The radius of the base of the bullet is $\ln(e) = 1$ and its length is $e - 1$ . So since the length of the entire hole is $e + 1$ , the volume of the hole is the volume of the bullet plus the volume of a cylinder of length $2$ and radius $1$ .

The volume of the cylindrical part of the hole is then $2\pi$ , and the volume of the bullet is

$\displaystyle\int_{1}^{e} \pi(\ln(x))^{2} dx$ .

We can solve this integral using the parts method.
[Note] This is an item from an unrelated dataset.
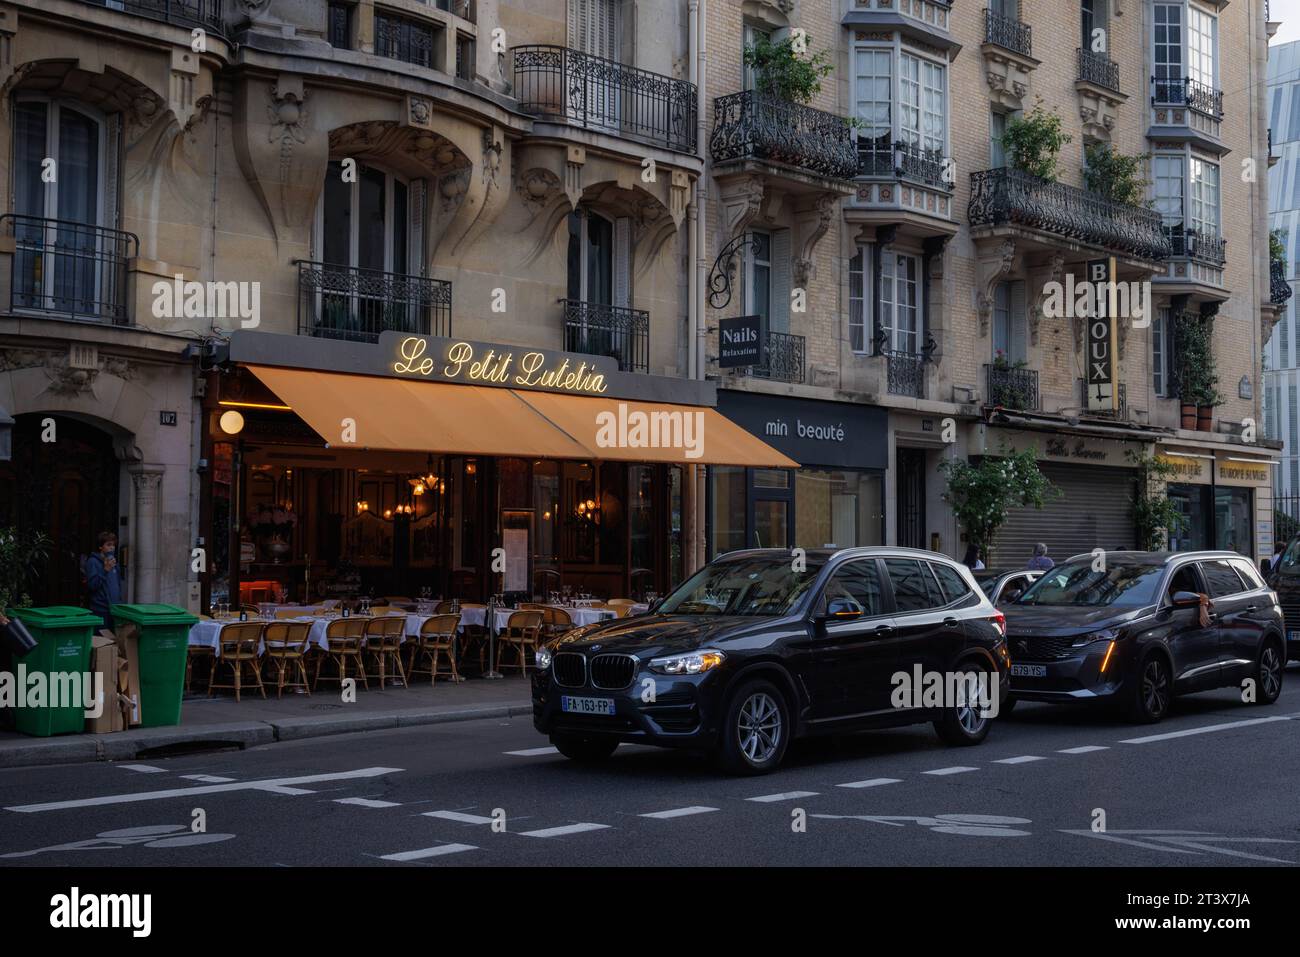 Street scenes outside a cafe in Paris, France. Stock Photo

Let $u = (\ln(x))^{2}$ and $dv = dx$ . Then $du = 2\frac{\ln(x)}{x} dx$ and $v = x$ , and the integral then becomes, (ignoring the bounds for the moment),

$\pi x(\ln(x))^{2} - 2\pi\displaystyle\int \ln(x) dx = \pi x(\ln(x))^{2} - 2\pi(x\ln(x) - x) =$

$\pi x((\ln(x))^{2} - 2\ln(x) + 2)$ ,

where another application of the parts method was used to determine $\int \ln(x) dx$ . Evaluating this from $x = 1$ to $x = e$ gives us a volume of

$\pi e*(1 - 2 + 2) - \pi*(0 - 0 + 2) = \pi(e - 2)$ .

Adding to this the volume of the cylindrical part of the hole gives us a total volume of $e\pi$ , implying that the constant $i = \boxed{1}$ .